Indeed, speaking in an exclusive interview with CX Today from earlier this year, he said:

“There was always a big real focus on the customer side of the house. And I think ever since the pandemic, it’s changed, and now it’s really about what can we do to solve the business outcomes of our customers.

“What are the tools that we’re able to go ahead and give to our employees… to make it a win-win solution for both?”

Rubio added that the integration between UCaaS and CCaaS is “very critical” because contact center agents are increasingly pulling in colleagues from outside the contact center.

This concept, often referred to as swarming, has been a key selling point for Microsoft’s Dynamics-Teams integration and now finds a counterpart in RingCentral’s bundled approach.

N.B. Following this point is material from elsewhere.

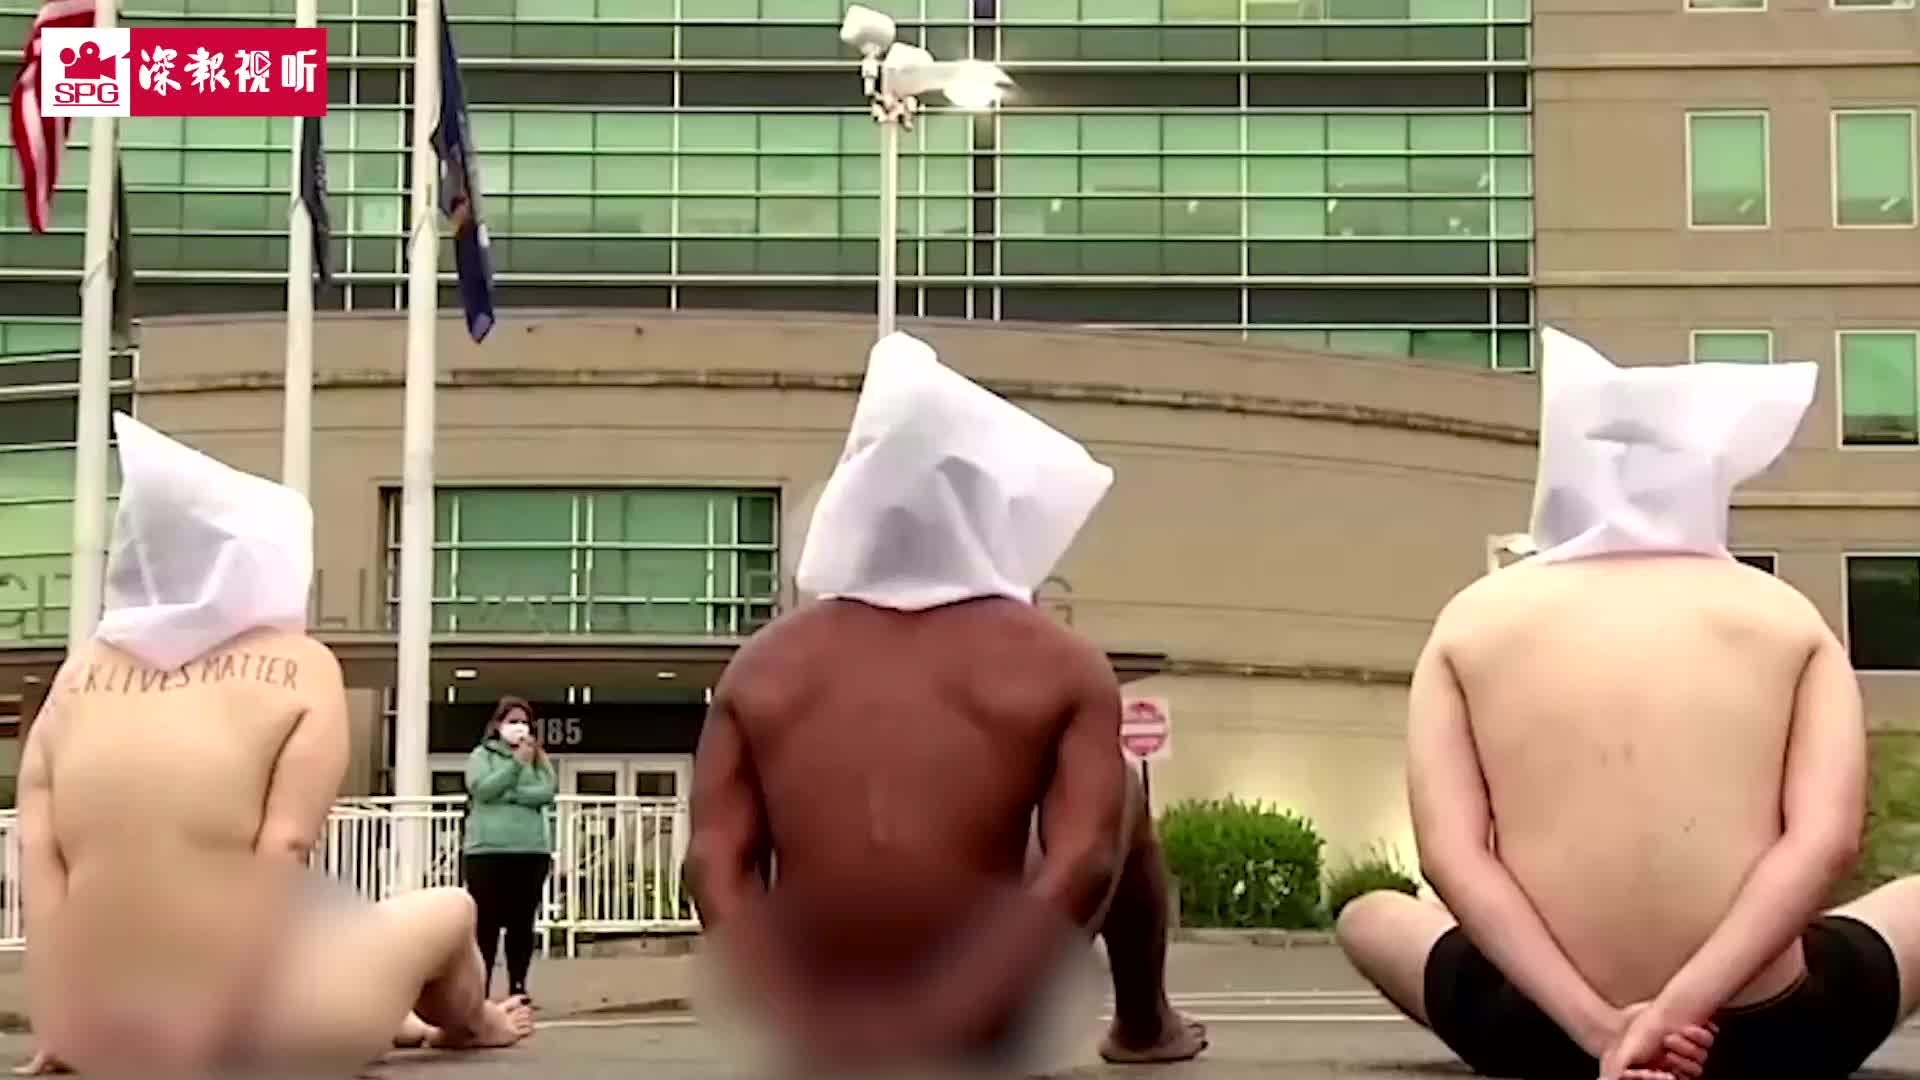 美国街头现裸体抗议者

Both vendors are responding to the same enterprise need: a seamless way for employees to collaborate across roles and deliver consistent customer outcomes, regardless of channel.

A Convergence Milestone

The RingCentral CE Bundle may not represent a full contact center overhaul, and in many ways, that’s precisely the point.

Many businesses don’t need the complexity of enterprise-grade CCaaS, but they do need to ensure customer conversations aren’t missed.

In that sense, RingCentral’s latest release serves a growing middle ground: organizations looking for customer engagement capabilities embedded directly within their everyday communications environment.

When taken alongside Microsoft’s moves and the broader market sentiment echoed by CallTower’s Rubio, it appears that the long-discussed convergence of UCaaS and CCaaS is no longer just a theory; it’s happening, and it’s reshaping how enterprises design their customer and employee experience strategies.